Collaborative Efforts

Quality Management Approach in East Africa

In northern Tanzania, a mother waits with her newborn to see a midwife for vaccinations and health education
Assessing a Community-Based Quality Management Approach

The aim of this study is to identify factors that influence illness recognition and care-seeking. Research questions include:

  • What was the process of illness recognition and care seeking for mothers and newborns?
  • What was the sequence of actions for care seeking?
  • How did the intervention impact care seeking?
  • How do demographic factors influence care seeking?
Location: Mtwara Region, Tandahimba and Newala Districts, Tanzania; Busoga Region, Mayuge and Namaingo Districts, Uganda
Timeline: January, 2015 to August, 2015

Community Outreach Model in Nigeria

A trainer explains major warning signs of a dangerous pregnancy to a group of villagers in Jigawa State, Nigeria
Assessing the Impact of a Community Outreach Model

The aim of this study is to describe recognition and care-seeking behaviors and determine the impact of the CoRPs program.
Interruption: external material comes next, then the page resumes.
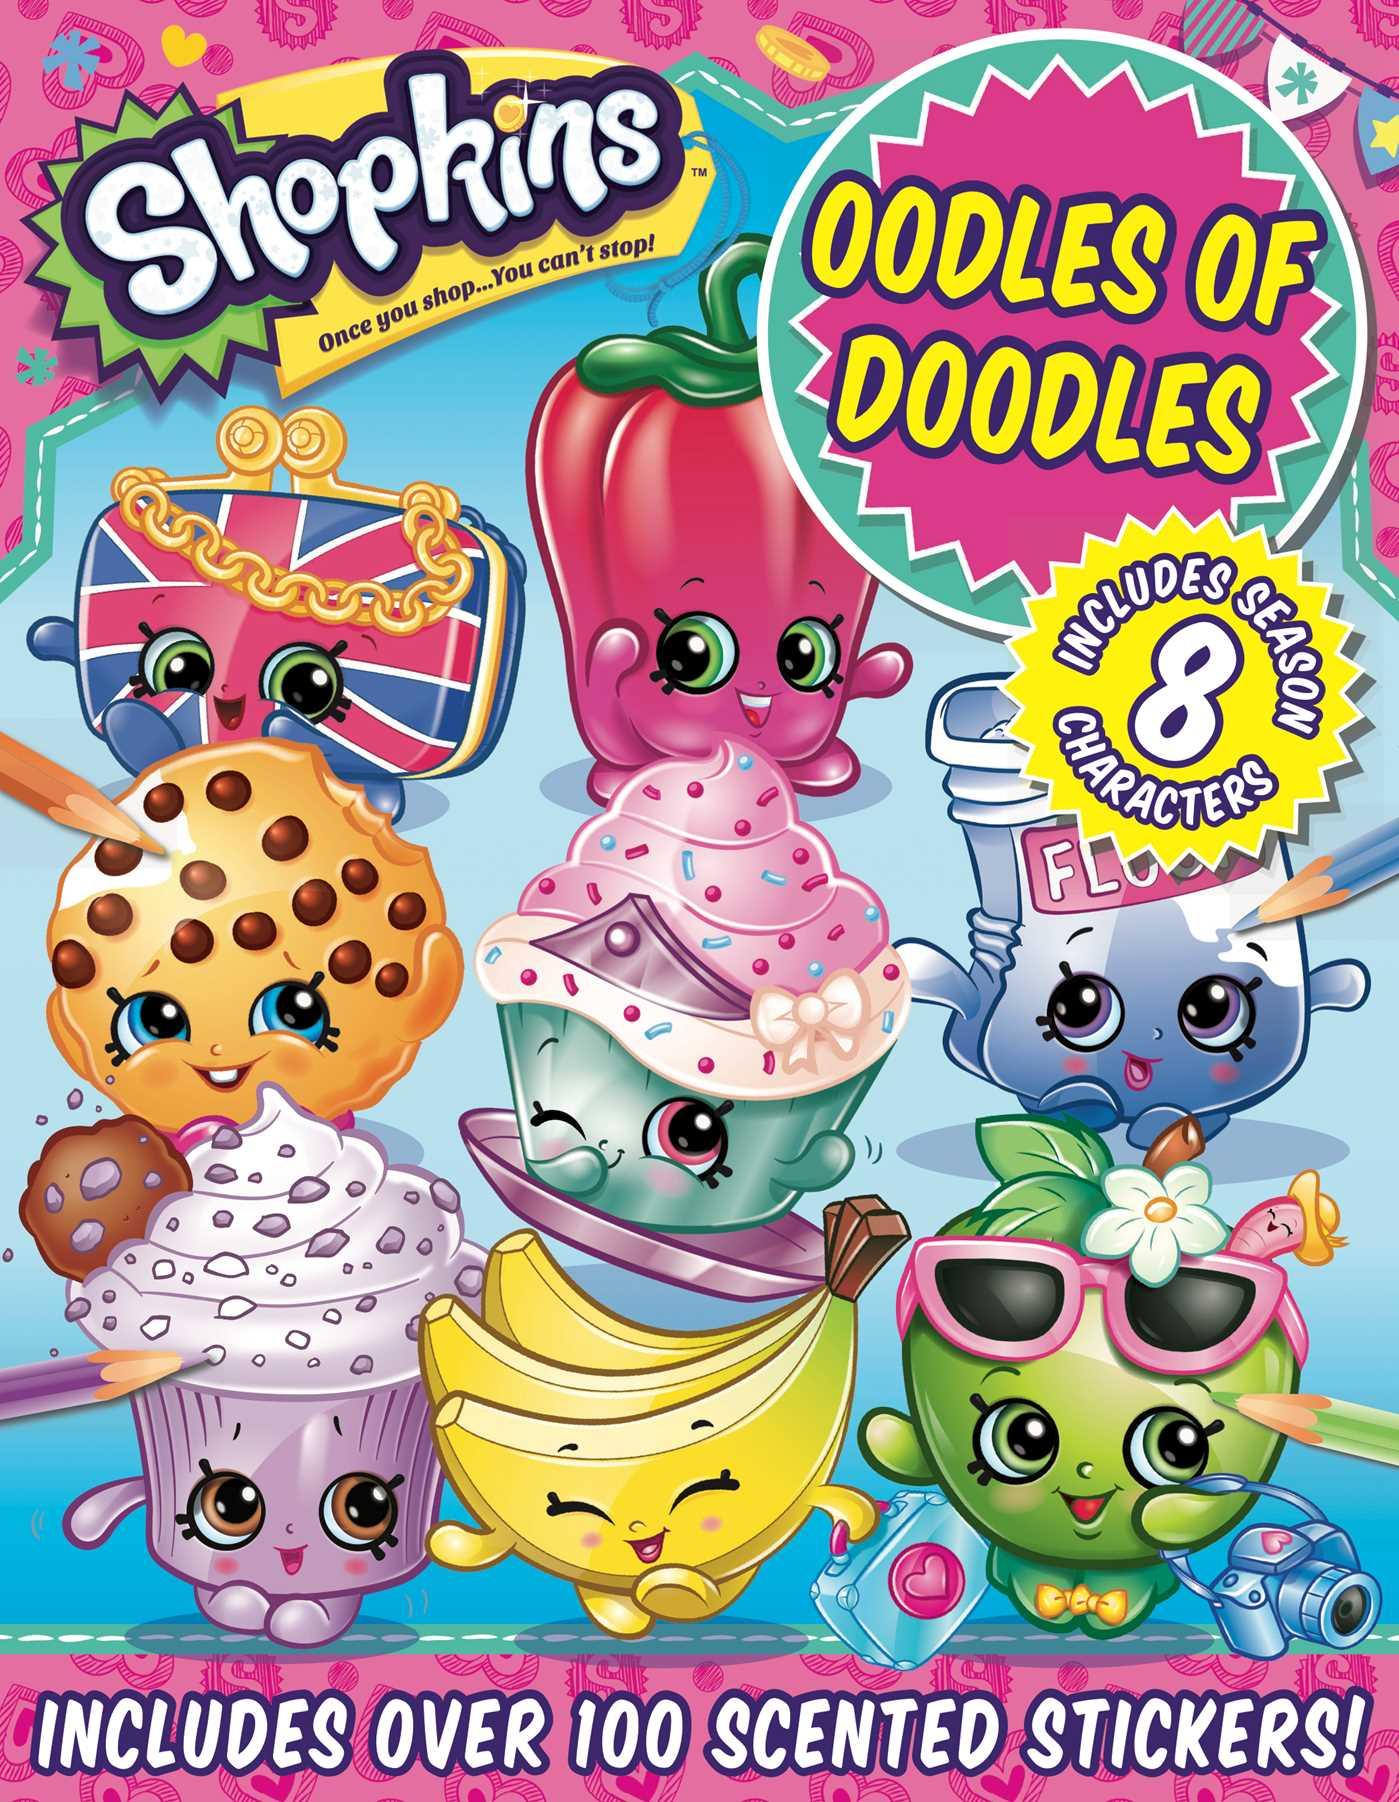 Shopkins oodles of doodles 9781499806755 hr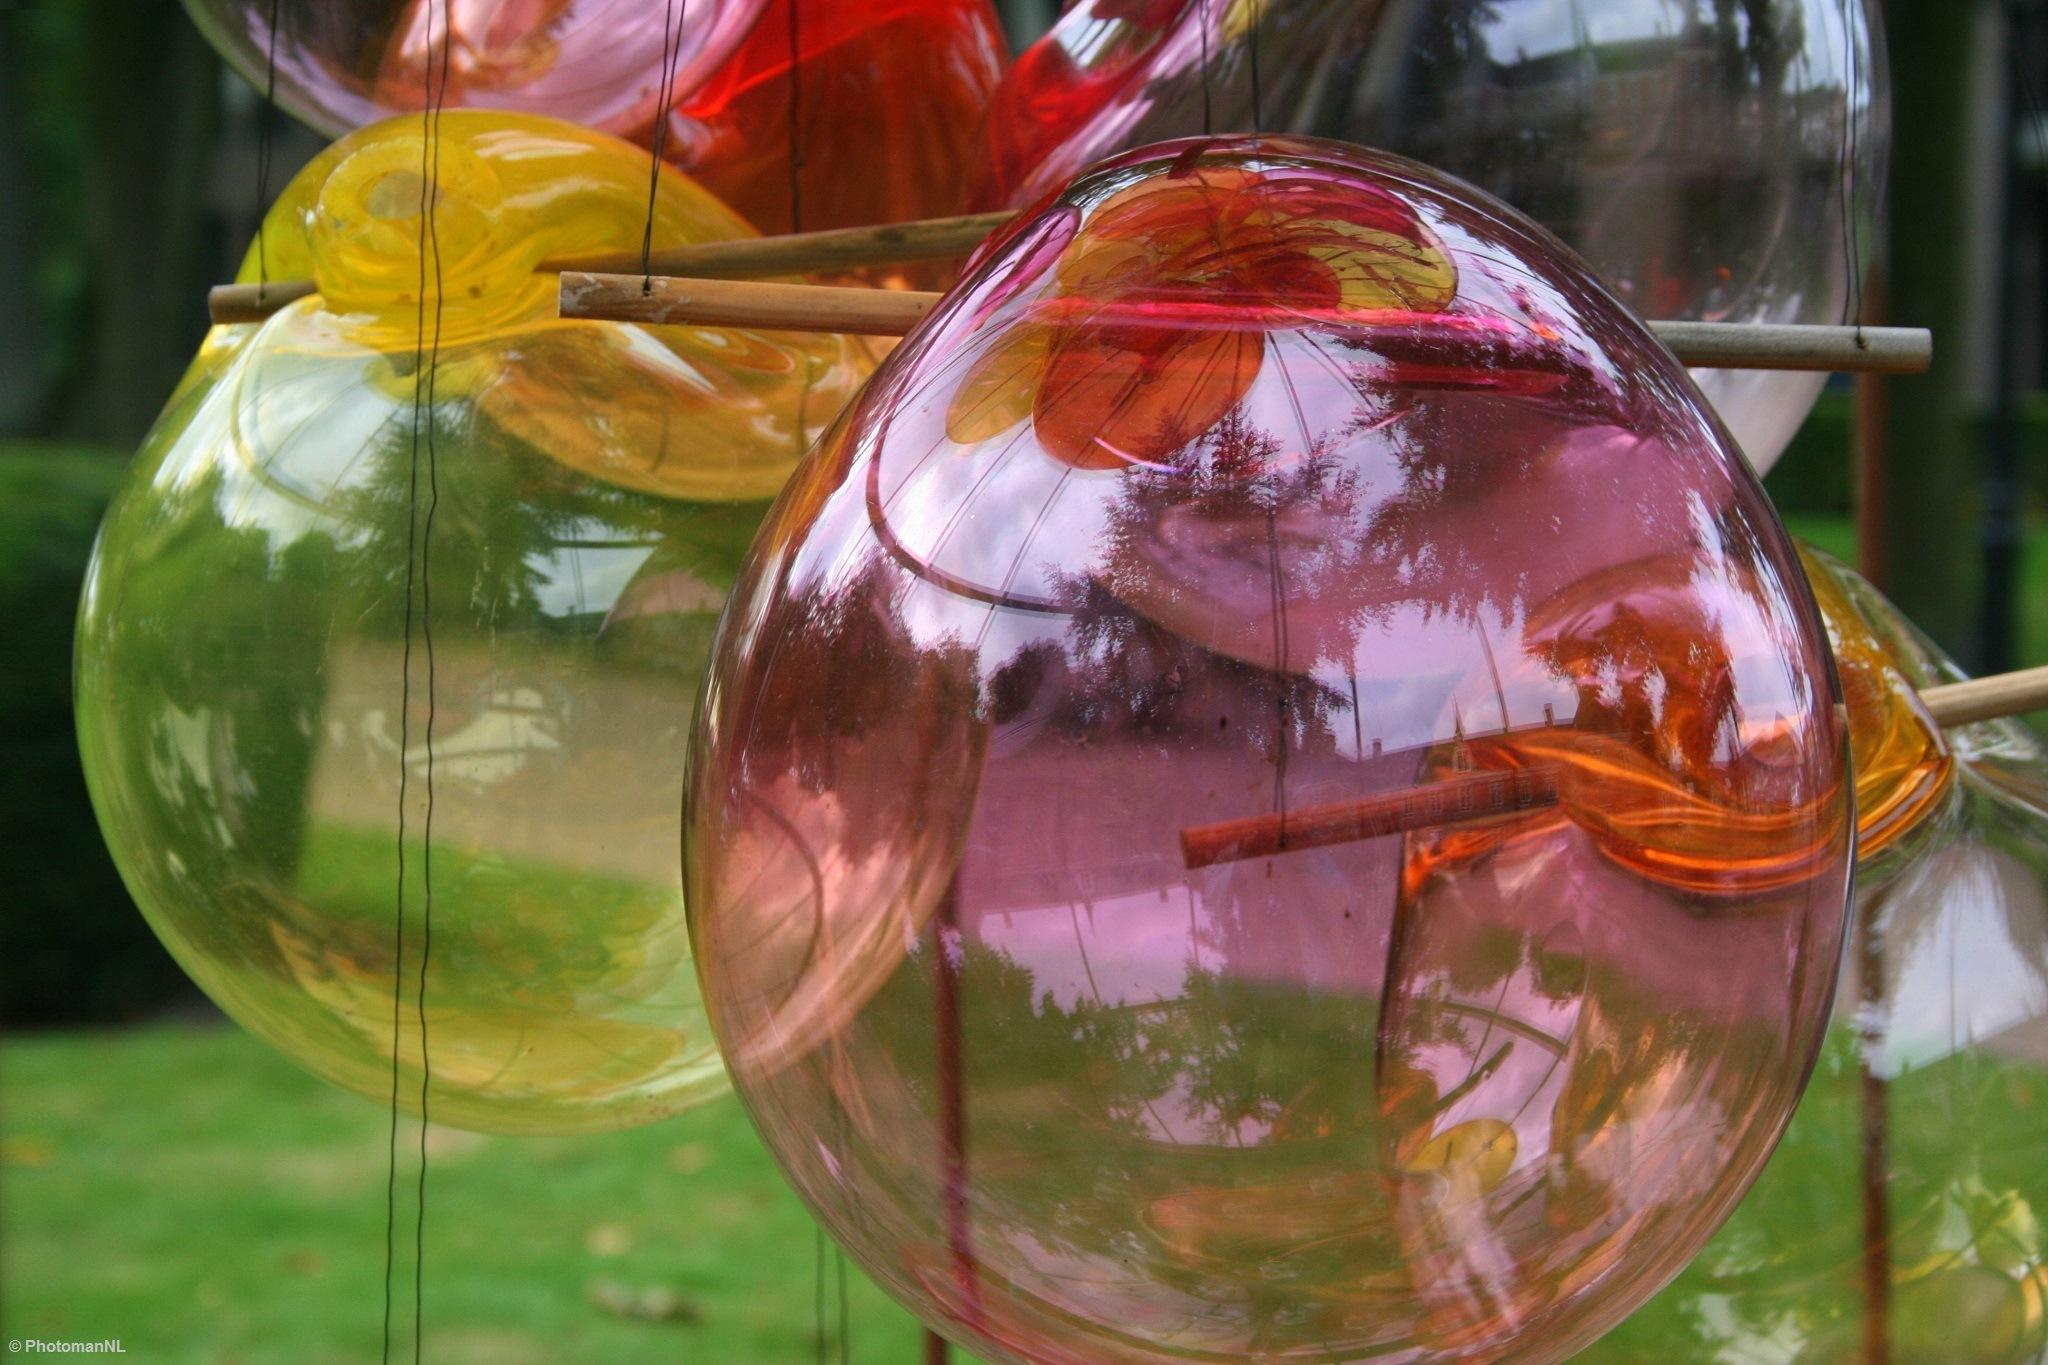 Glass art by PhotomanNL

Research questions include:

  • What was the process of illness recognition and care seeking for mothers and newborns?
  • What was the sequence of actions for care seeking?
  • How did the CoRPs intervention impact care seeking?
  • What is the role of husbands in the decision-making process?
  • How does risk perception influence the decision-making process?
Location: Jigawa State, Nigeria
Timeline: January, 2015 to August, 2015

Health BCC Through Social Platforms in India

A self-help group (SHG) member provides a mother with information on infant and newborn care during a home visit in India
HEALTH BEHAVIOR CHANGE COMMUNICATION THROUGH SOCIAL PLATFORMS

This case study aims to examine whether HBCM has resulted in improved recognition and appropriate care seeking. Research questions include:

  • What was the process around recognition of and care seeking for maternal and newborn complications?
  • What sequence of actions were taken by families of mothers and newborns?
  • How did the HBCM intervention influence decision-making and care seeking?
Implemented by Population Council
Location: State of Uttar Pradesh, India
Timeline: January, 2015 to August, 2015

 

Barriers and Facilitators to Skilled Care Seeking

Midwives attend a birth asphyxia management training in Jayawijaya District, Papua, Indonesia
Barriers and Facilitators to Skilled Care Seeking in Indonesia

The aim of this study is to describe recognition and care-seeking behaviors related to maternal and newborn complications. Research questions include:

  • What was the process of illness recognition and care seeking for mothers and newborns?
  • What was the sequence of actions for seeking care and treatment for mothers and newborns? 
Implemented by World Vision
Location: Jayawijaya District, Papua Province, Indonesia
Timeline: January, 2015 to August, 2015

 

Factors Influencing Care Seeking in Ethiopia

A young mother and her infant in the Oromiya Region, Ethiopia
Identifying Factors Influencing Skilled Care Seeking in Ethiopia

This case study aims to understand the facilitators and barriers to care seeking for maternal complications. Research questions include:

  • How did families reach decisions about whether to seek care?
  • What was the sequence of action taken by families for care and/or treatment seeking?
  • How did the intervention influence families’ decision-making or care seeking?
  • Are there regional differences in illness recognition, decision-making, and care seeking?